Exercise objective:
Give the lines below again exactly, starting with the line that holds "Pacific Headwear 498F" and going on through the line that holds "Le chasseur et".

Material supplied:
━━━

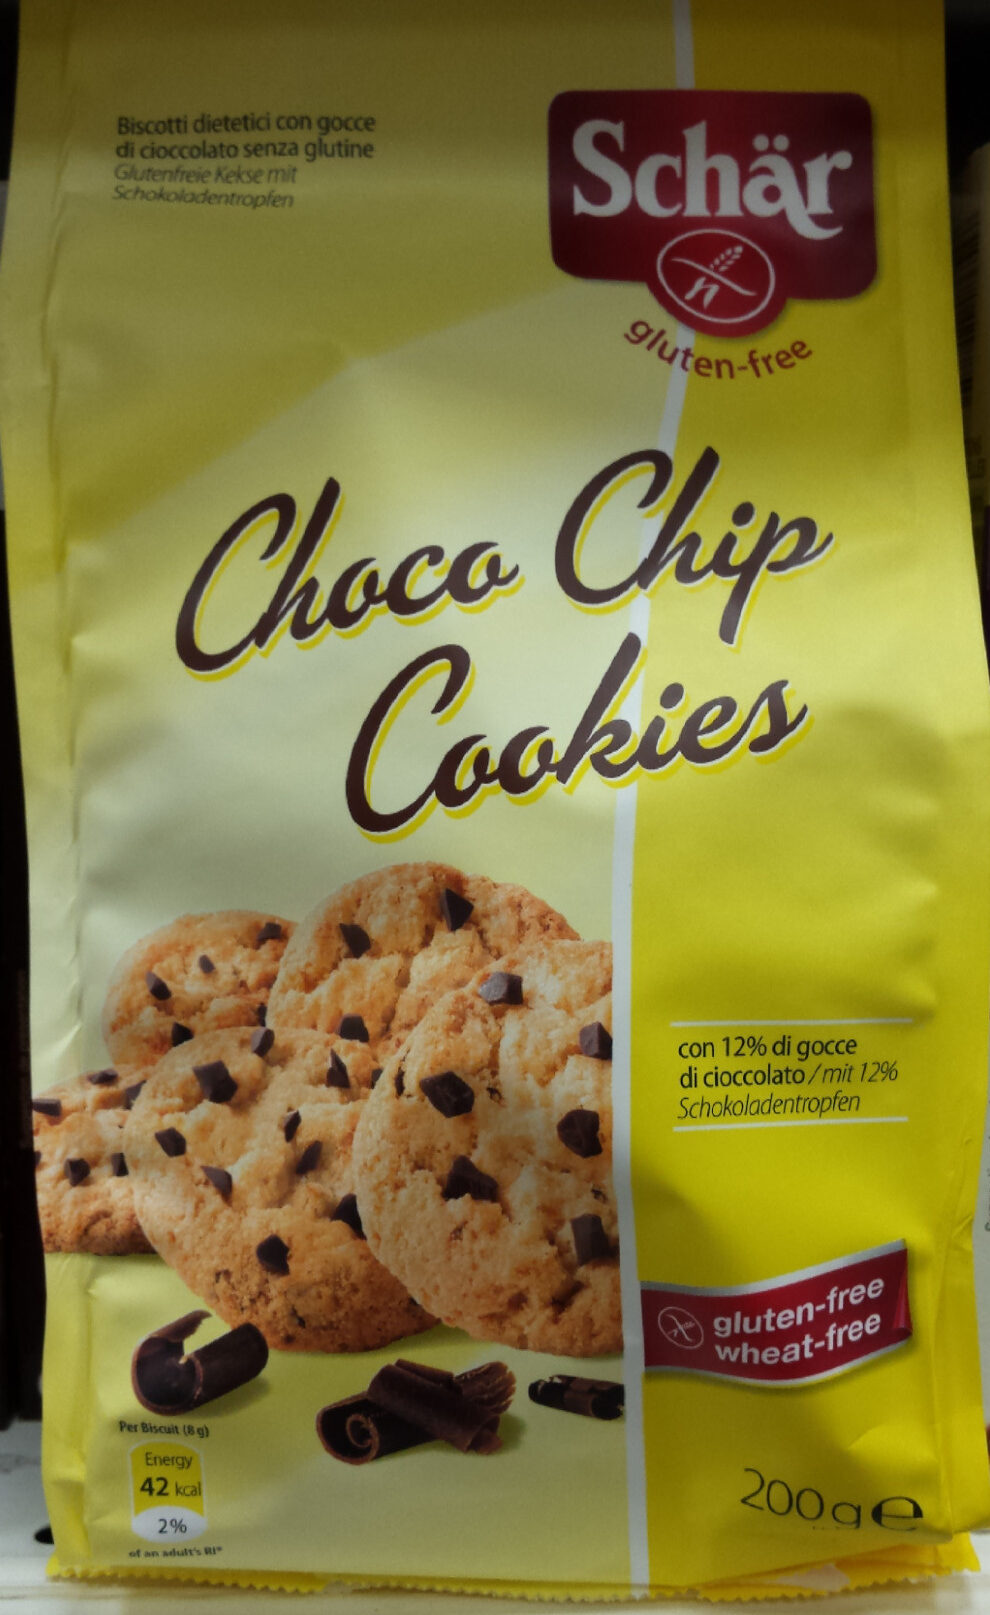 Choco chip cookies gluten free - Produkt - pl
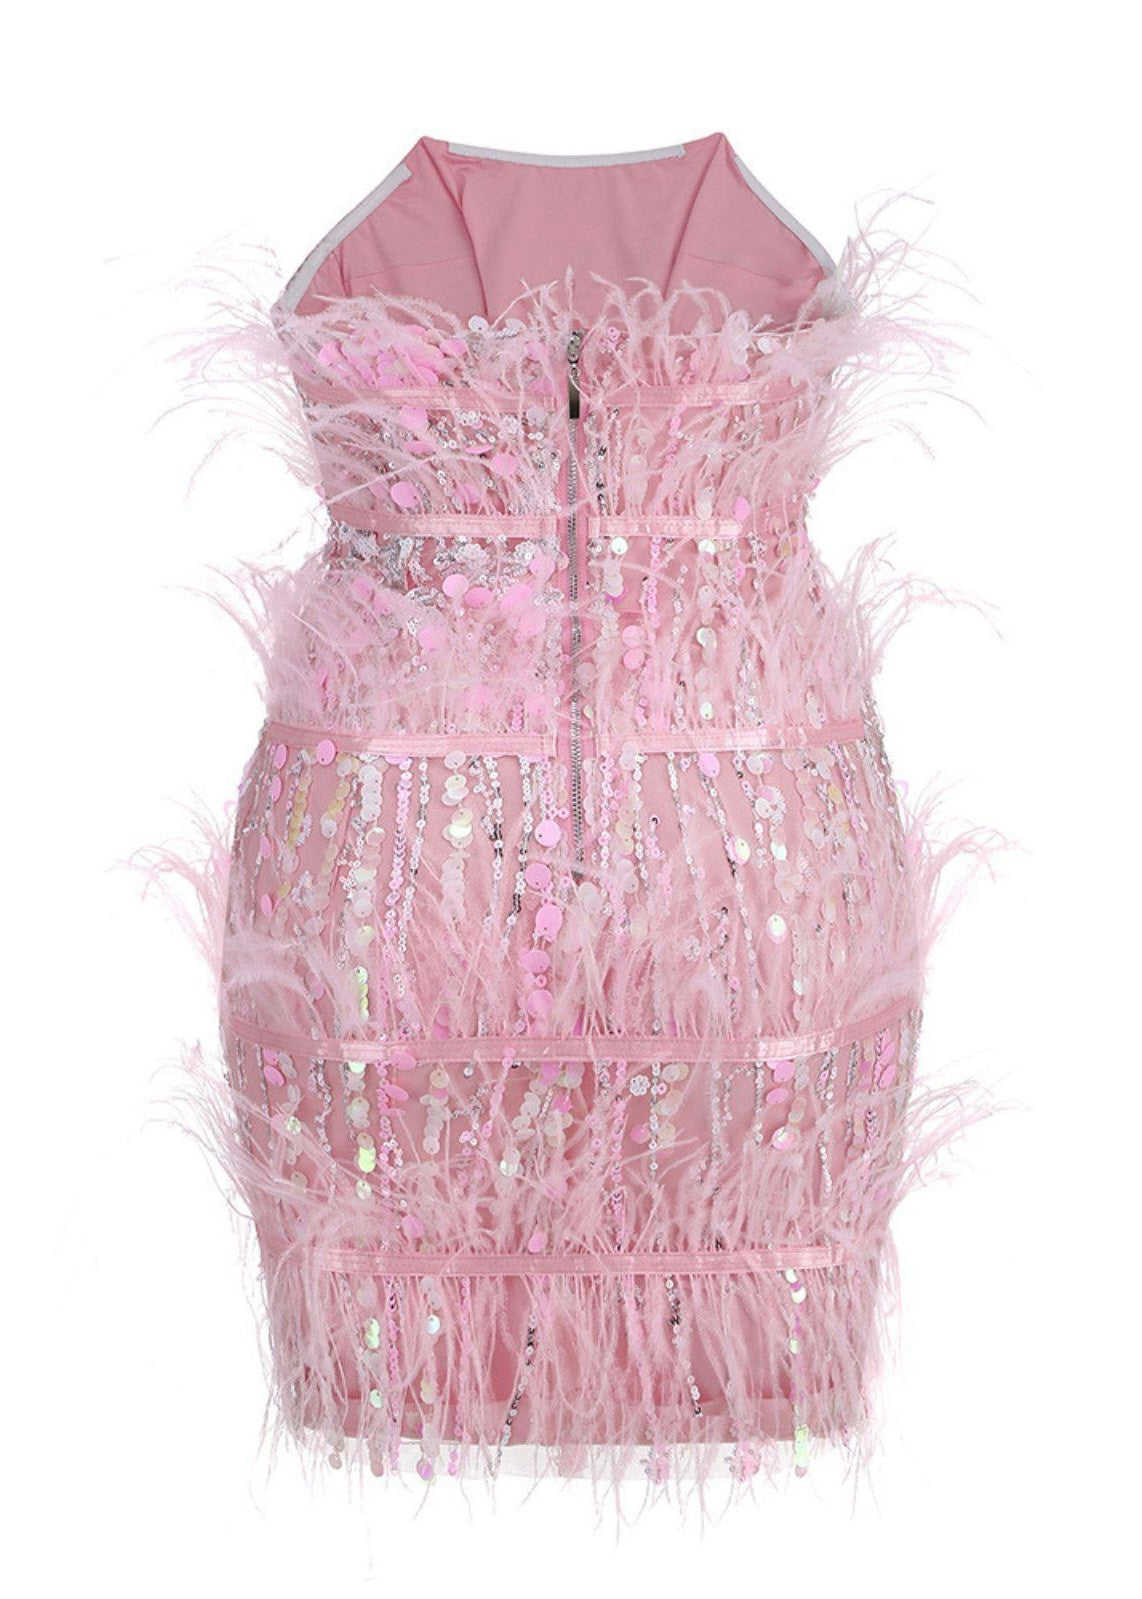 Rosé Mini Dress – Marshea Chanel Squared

━━━

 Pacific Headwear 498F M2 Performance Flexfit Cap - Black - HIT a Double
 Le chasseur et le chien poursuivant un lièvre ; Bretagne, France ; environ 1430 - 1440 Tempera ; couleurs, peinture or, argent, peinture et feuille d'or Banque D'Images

━━━

Response to the exercise:
 Pacific Headwear 498F M2 Performance Flexfit Cap - Black - HIT a Double
 Le chasseur et le chien poursuivant un lièvre ; Bretagne, France ; environ 1430 - 1440 Tempera ; couleurs, peinture or, argent, peinture et feuille d'or Banque D'Images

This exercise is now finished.